Public cron url (for curl) is not a problem, there are many ways to avoid abuse. As said, checking remote IP is the easiest.
This is my way to run Cron Jobs with Zend Framework
In Bootstrap I will keep environment setup as it is minus MVC:
public static function setupEnvironment()
{
...
self::setupFrontController();
self::setupDatabase();
self::setupRoutes();
...
if (PHP_SAPI !== 'cli') {
self::setupView();
self::setupDbCaches();
}
...
}
Also in Bootstrap, I will modify setupRoutes and add a custom route:
public function setupRoutes()
{
...
if (PHP_SAPI == 'cli') {
self::$frontController->setRouter(new App_Router_Cli());
self::$frontController->setRequest(new Zend_Controller_Request_Http());
}
}
App_Router_Cli is a new router type which determines the controller, action, and optional parameters based on this type of request: script.php controller=mail action=send. I found this new router here: Setting up Cron with Zend Framework 1.11
:
class App_Router_Cli extends Zend_Controller_Router_Abstract
{
public function route (Zend_Controller_Request_Abstract $dispatcher)
{
$getopt = new Zend_Console_Getopt (array());
$arguments = $getopt->getRemainingArgs();
$controller = "";
$action = "";
$params = array();
if ($arguments) {
foreach($arguments as $index => $command) {
$details = explode("=", $command);
if($details[0] == "controller") {
$controller = $details[1];
} else if($details[0] == "action") {
$action = $details[1];
} else {
$params[$details[0]] = $details[1];
}
}
if($action == "" || $controller == "") {
die("Missing Controller and Action Arguments == You should have:
php script.php controller=[controllername] action=[action]");
}
$dispatcher->setControllerName($controller);
$dispatcher->setActionName($action);
$dispatcher->setParams($params);
return $dispatcher;
}
echo "Invalid command.\n", exit;
echo "No command given.\n", exit;
}
public function assemble ($userParams, $name = null, $reset = false, $encode = true)
{
throw new Exception("Assemble isnt implemented ", print_r($userParams, true));
}
}
In CronController I do a simple check:
public function sendEmailCliAction()
{
if (PHP_SAPI != 'cli' || !empty($_SERVER['REMOTE_ADDR'])) {
echo "Program cannot be run manually\n";
exit(1);
}
// Each email sent has its status set to 0;
Crontab runs a command of this kind:
* * * * * php /var/www/projectname/public/index.php controller=name action=send-email-cli >> /var/www/projectname/application/data/logs/cron.log
It doesn't make sense to run the bootstrap in the same directory or in cron job folder. I've created a better and easy way to implement the cron job work. Please follow the below things to make your work easy and smart:
Create a cron job folder such as "cron" or "crobjob" etc. whatever you want.
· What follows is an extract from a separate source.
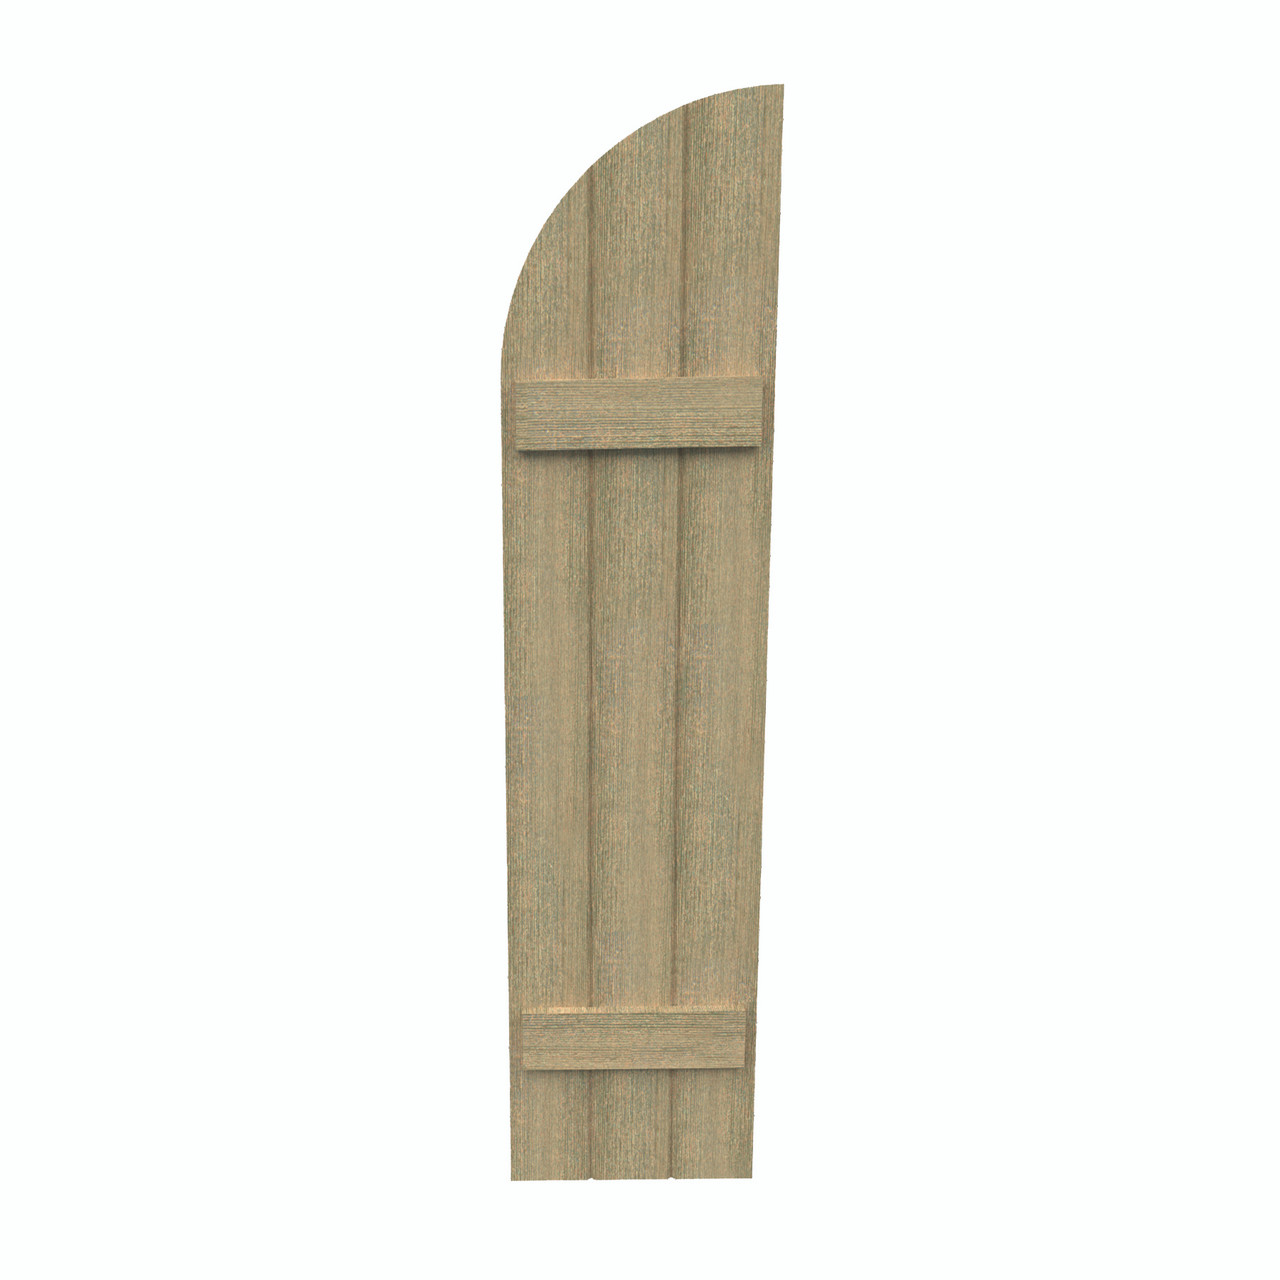 18 inch by 74 inch Quarter Round Shutter with 3-Boards

Sometimes we need the cron job to run on a server with different interval like for 1 hr interval or 1-day interval that we can setup on the server.
Create a file in cron job folder like I created an "init.php", Now let's say you want to send a newsletter to users in once per day. You don't need to do the zend code in init.php.
So just set up the curl function in init.php and add the URL of your controller action in that curl function. Because our main purpose is that an action should be called on every day. for example, the URL should be like this:
https://www.example.com/cron/newsletters
So set up this URL in curl function and call this function in init.php in the same file.
In the above link, you can see "cron" is the controller and newsletters is the action where you can do your work, in the same way, don't need to run the bootstrap file etc.